Each dimension is an entry point to the fact table, which gives us great handling of the complexity of queries.
If our business process is calculating the sales amount of each product in each store on a daily basis. So we have two aspects of the process:
- Measures: Quantity Value, Value-added tax, and Total order value.
- Business process details.
- What was the product? (product name)
- When did the transaction happen? (Date)
- Where did the product been sold? (Shop)
- Who did the people that create the transaction? (Customer) and (Employee)
According to the above details, we can say that:
- The measurements or facts (Quantity Value, VAT, and Total order value).
- The Dimensions that answered the questions about the business process (Date, Employee, Customer, Shop, Product).
In this example, Fact grain set at a single selling transaction.
The Dimensional modeling for this business process.
Types of Fact Tables
There are three main types of fact tables:
- Periodic Snapshot
- Accumulated Snapshot
Transaction Fact Table
The transaction fact table is the most basic and the simplest type, In the Transaction fact table, every row corresponding to a measurement event at a point in space and time which means a grain set at a single transaction. The row is added only if there’s a transaction is happened by a customer or for a product.
Row in Transaction fact table represents transaction and it dimensions.
Example: If we have a retail store, on Sunday we sold 40 items, and on Monday we sold 15 items, So on Sunday there are 40 transaction rows had been added to our fact table and on Monday there are 15 transaction rows had been added to our table, There are no aggregate values, we are storing the transactions data.
An example of a transaction fact table, the user wants all selling transactions that are happening in the stores, Our dimensions will be the date or time of transaction -> (when), store -> (where), product -> (what), and customers -> (who).

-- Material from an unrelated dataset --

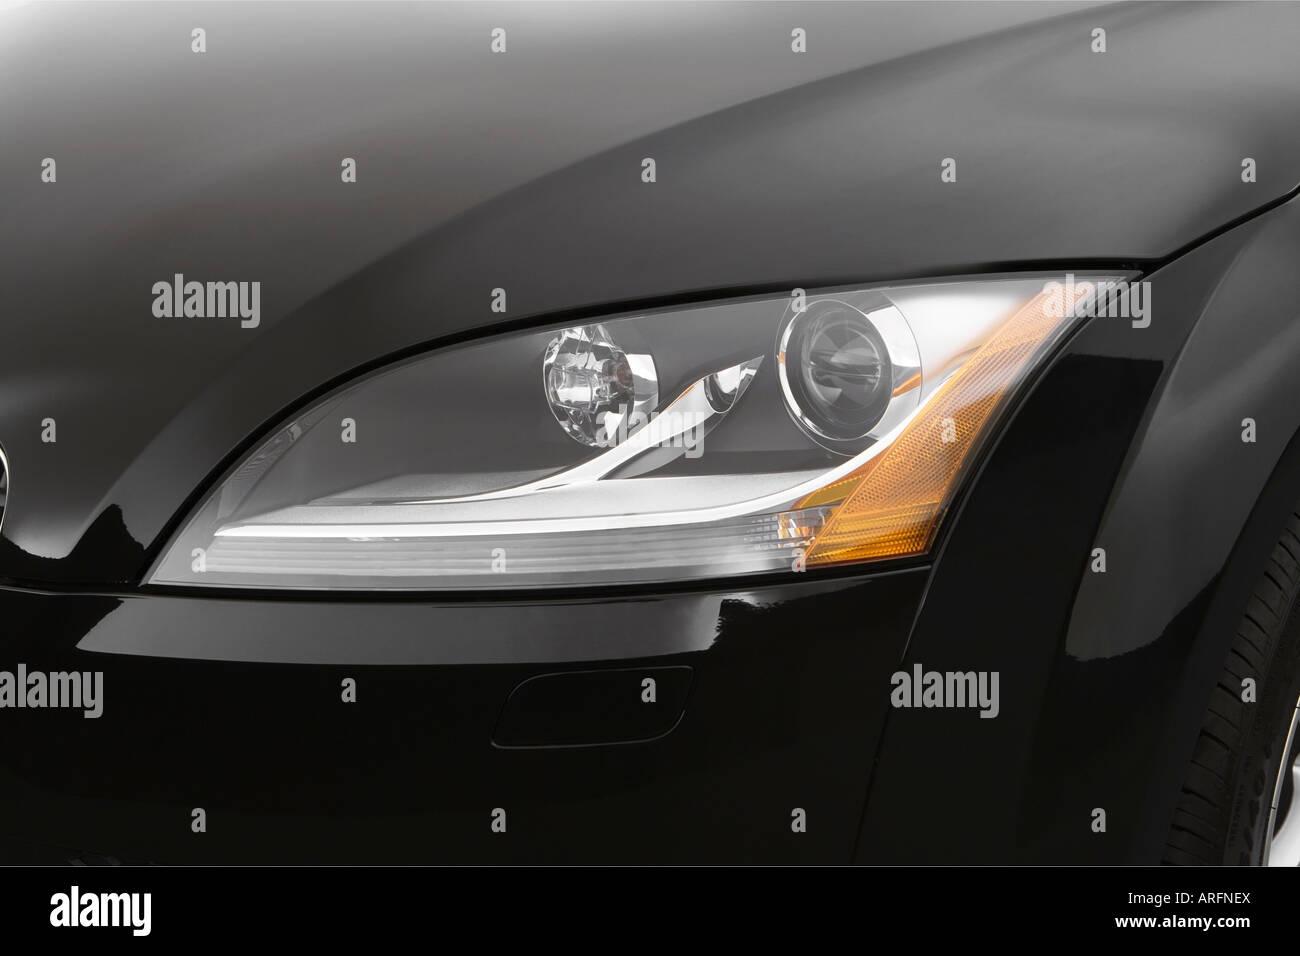 2008 audi tt 2.0t in black - headlight stock photo, royalty free
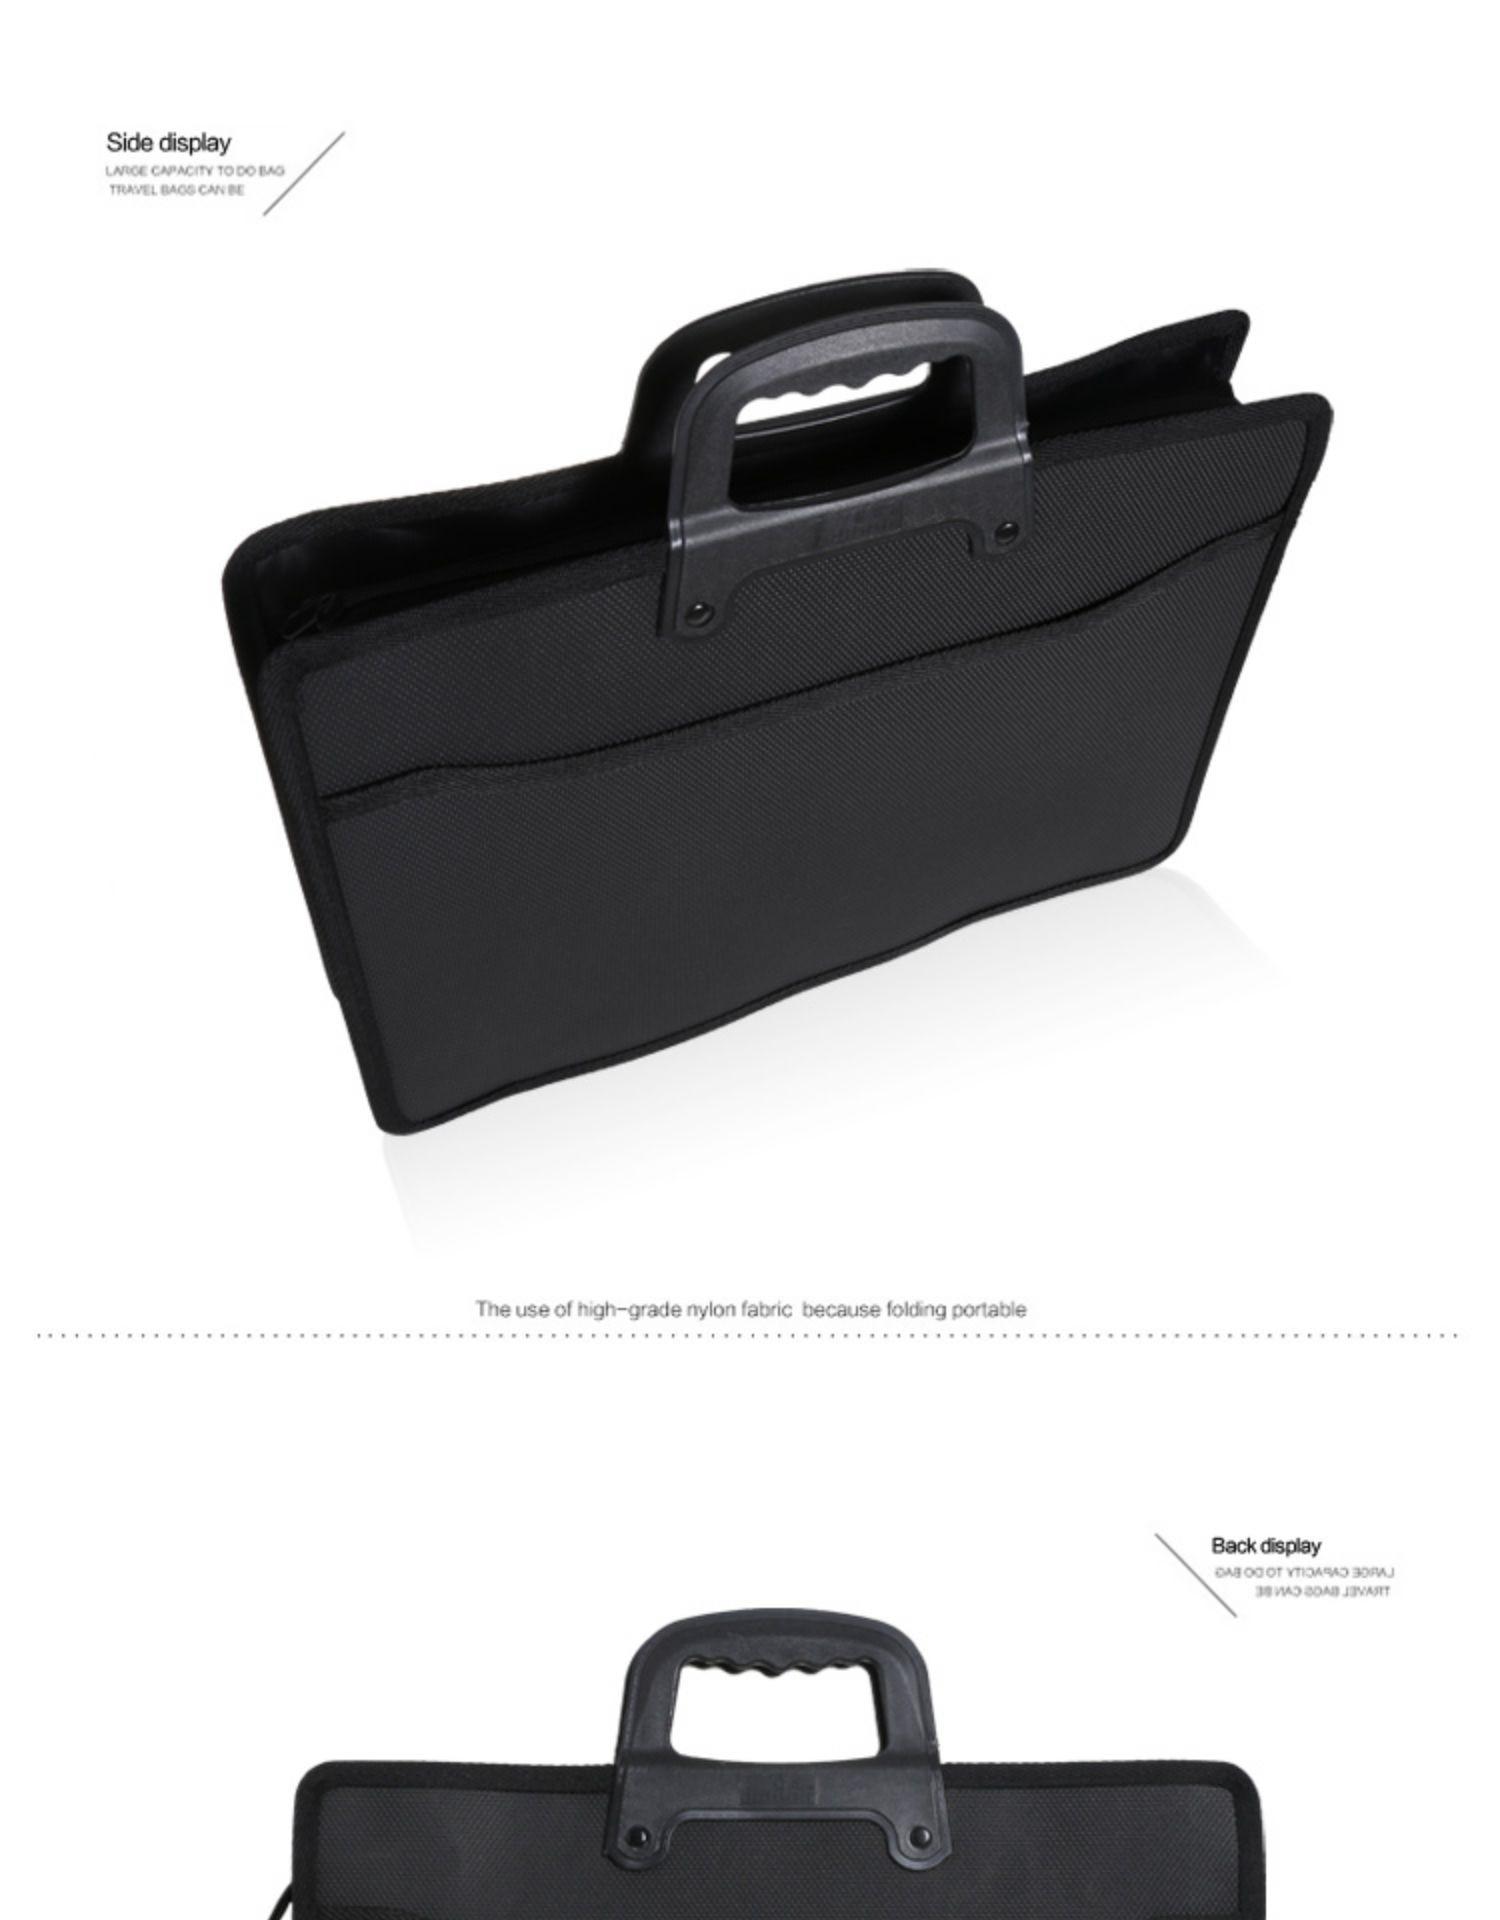 HTB1be89XGSs3KVjSZPiq6AsiVXap Fashion file bag portable briefcase men business office bag trend package work bag file A4 conference bag Oxford waterproof

Every row in our transaction fact table is corresponding to a transaction, Let us see the first row in the above table Transactional_Sales_Fact, The row reflects transaction that happened by customer 157 when he bought product 59 from store 3 at time 13 and the item cost was 33$ (the fact), So our row covers all aspects of the single transaction. And like we said before every foreign key in our fact table refers to one of the dimension tables.
Because of low granularity, we can monitor detailed business processes. But because we have rows for each transaction that happened, It causes performance issues due to the large size of data.
Periodic Snapshot Fact Table
In the periodic table, We have lower granularity which means that the row in the periodic table is a summarization of data over a period of time (day, week, month, etc). Our grain here is periodic data summarization, not single transactions. It helps to review the aggregate performance of the business process at intervals of time.
Example: If we want to know the quantity that been sold from specific product through the last week. Our grain is a week.
Rows in Periodic table represent performance of an activity at the end of specific period.
An example of Periodic Snapshot, If the user asks for the total quantity of each product that has been sold from our stores in month grain. It’s obvious that the dimensions are items(what), stores(where), periods of time(months, grain, when).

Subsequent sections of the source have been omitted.